Whereas you, otoh, have gotten caught sock puppeting so often that by now I’m half-convinced you believe the voices in your head alone serve to make you a majority.

Watching a man standing in a river and trying to push it back up by pissing against the stream is only funny for so long, Baghdad Bob.

Anonymous Coward says:

Re: Correlates directly with # pirates shut down or JAILED.

1) This would not occur if Masnick’s loony "give away and pray" or "sell T-shirts" notions were followed. The only way that profits occur is direct paying.

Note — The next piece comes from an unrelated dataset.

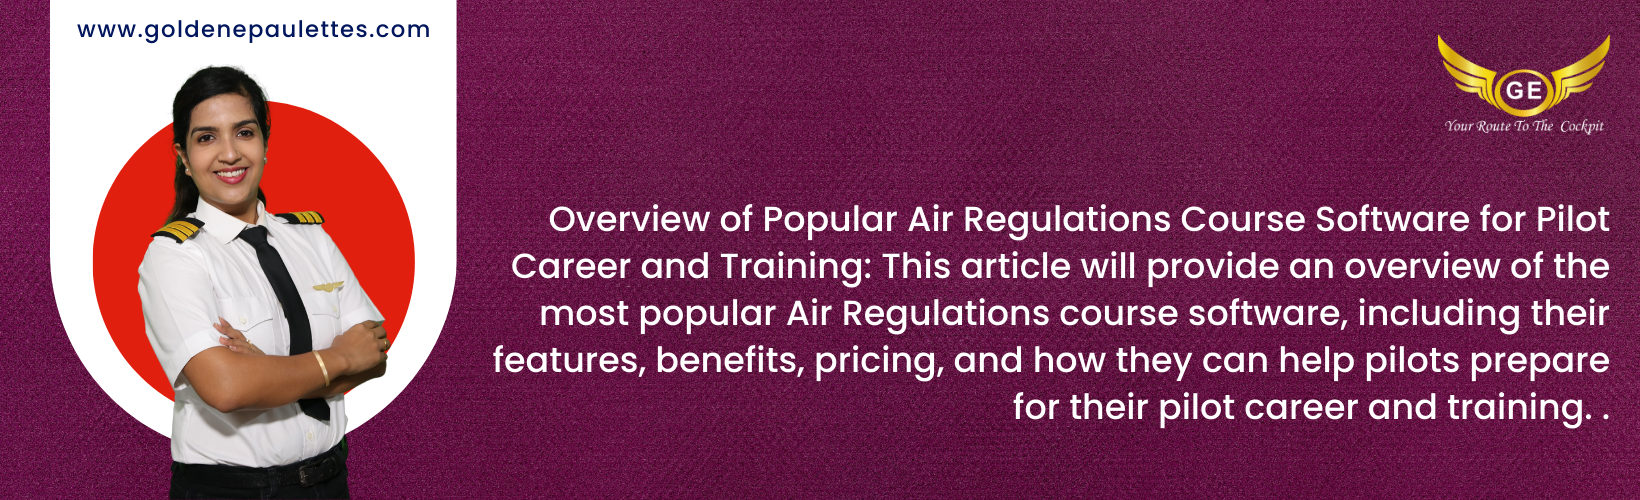 How to Make Sense of Confusing Air Regulations Course Material

Yes it is, and people will pay people to have new content created. The ability to tell a story in a compelling fashion is whatever media you choose to use is a valuable skill, and once demonstrated can be the basis for gaining support to continue telling new stories. Give content away. and rely on Patreon is a viable business model, at least if you objective is to make a living. It may not be the way to get rich, but enables people to do what they enjoy as a full time job.

MathFox says:

3) Teh internets is only a distribution channel, has ZERO draw for itself. Masnick as ever attributes water coming out the taps as due to the pipe, nothing else.

The Internet is a communication channel. See the success of WhatsApp, Skype, Signal and other ways to make free (or cheap) video calls.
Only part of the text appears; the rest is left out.